MONTGOMERY COUNTY has been buffeted for years by criticism — much of it justified — that developers and labor unions exercise outsize influence in local elections and, therefore, in the spending decisions made by elected officials who have benefited from those groups’ contributions. An antidote became possible last year when state lawmakers in Annapolis authorized localities to adopt their own versions of public campaign financing options, as the state did decades ago.

As the state’s biggest locality, Montgomery became the first to draft legislation to apply to its elections for county executive and County Council. The intent of the bill, unveiled this winter by Council member Phil Andrews (D-Gaithersburg-Rockville), is to offset the power of special interests by attracting more small donors to the political process, using the incentive of public matching funds.

The bill drafted by Mr. Andrews is a powerful argument for good government. It would help candidates with limited resources and without connections to special interests run for office, provided they could attract grass-roots support inside the county, while offering sufficiently generous incentives so that incumbents might opt into the system, which would be voluntary.

Any candidate who signed up for the public matching funds would have to agree to reject contributions from interest groups of any stripe and agree that individual contributions would be capped at $150. In return, a candidate would unlock substantial public funding.

For example, a candidate for county executive who could attract $50 contributions from 3,000 people — a total of $150,000 — would generate $900,000 in county matching funds. Taxpayers, who would foot the bill, would benefit by promoting candidates less beholden to well-heeled special interests. The benefits of Mr. Andrews’s bill were sufficiently self-evident that each member of the all-Democratic council signed on as a co-sponsor.

Doubts about the legislation arose after the June 24 primaries: Mr. Andrews lost his race for the party nomination for county executive, though he had a strong showing.

Council President Craig Rice said the landscape changed after the April Supreme Court decision sweeping aside caps on the total amount an individual can contribute to candidates.
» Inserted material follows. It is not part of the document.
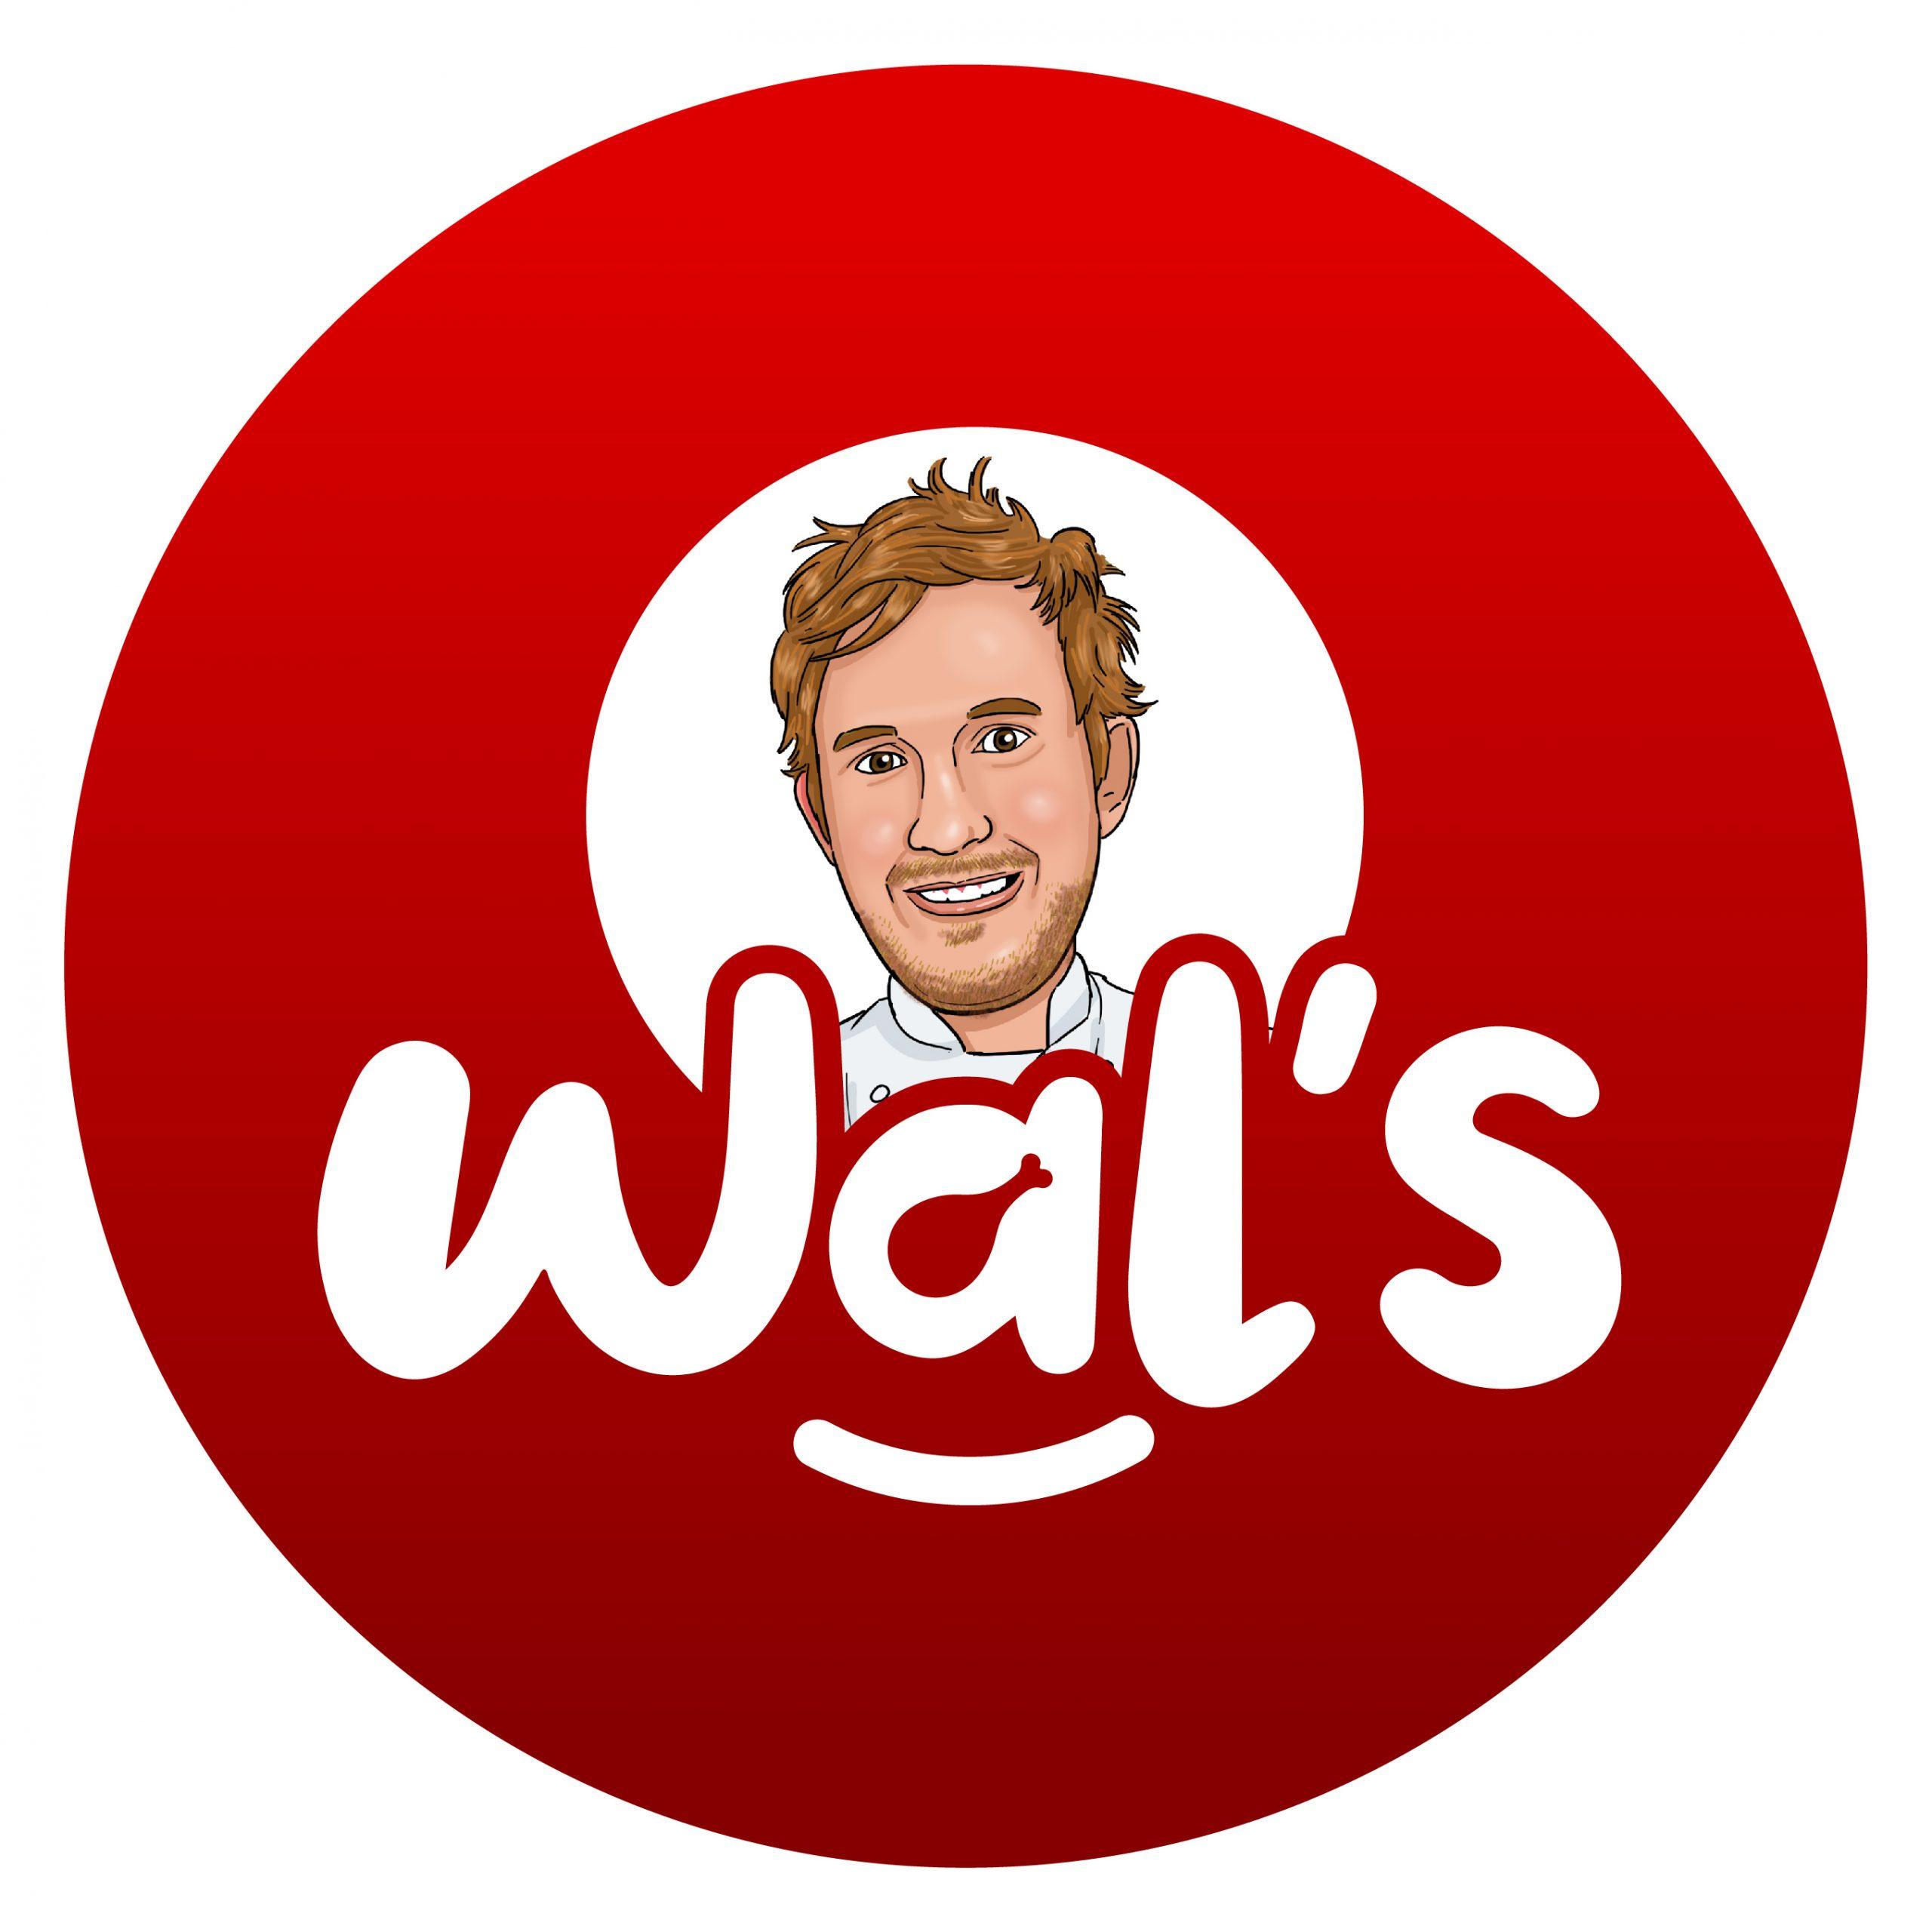 Wal's Takeaway

In fact, the decision is a potent argument in favor of public financing of elections as a counterweight to the court’s green light to wealthy donors. It’s hard to think of a better time to empower small donors by leveraging public funding to amplify their influence.

Grumbles about the cost of public financing are also unfounded. Estimates are that Mr. Andrews’s bill might cost taxpayers as much as $12 million in a four-year election cycle. That comes to just $3 million annually, a pittance in the context of the county’s annual budget, which exceeds $4 billion, and annual revenue growth of some $150 million.

Mr. Andrews’s bill has been put off until the fall. It deserves a vote then and the support of the council.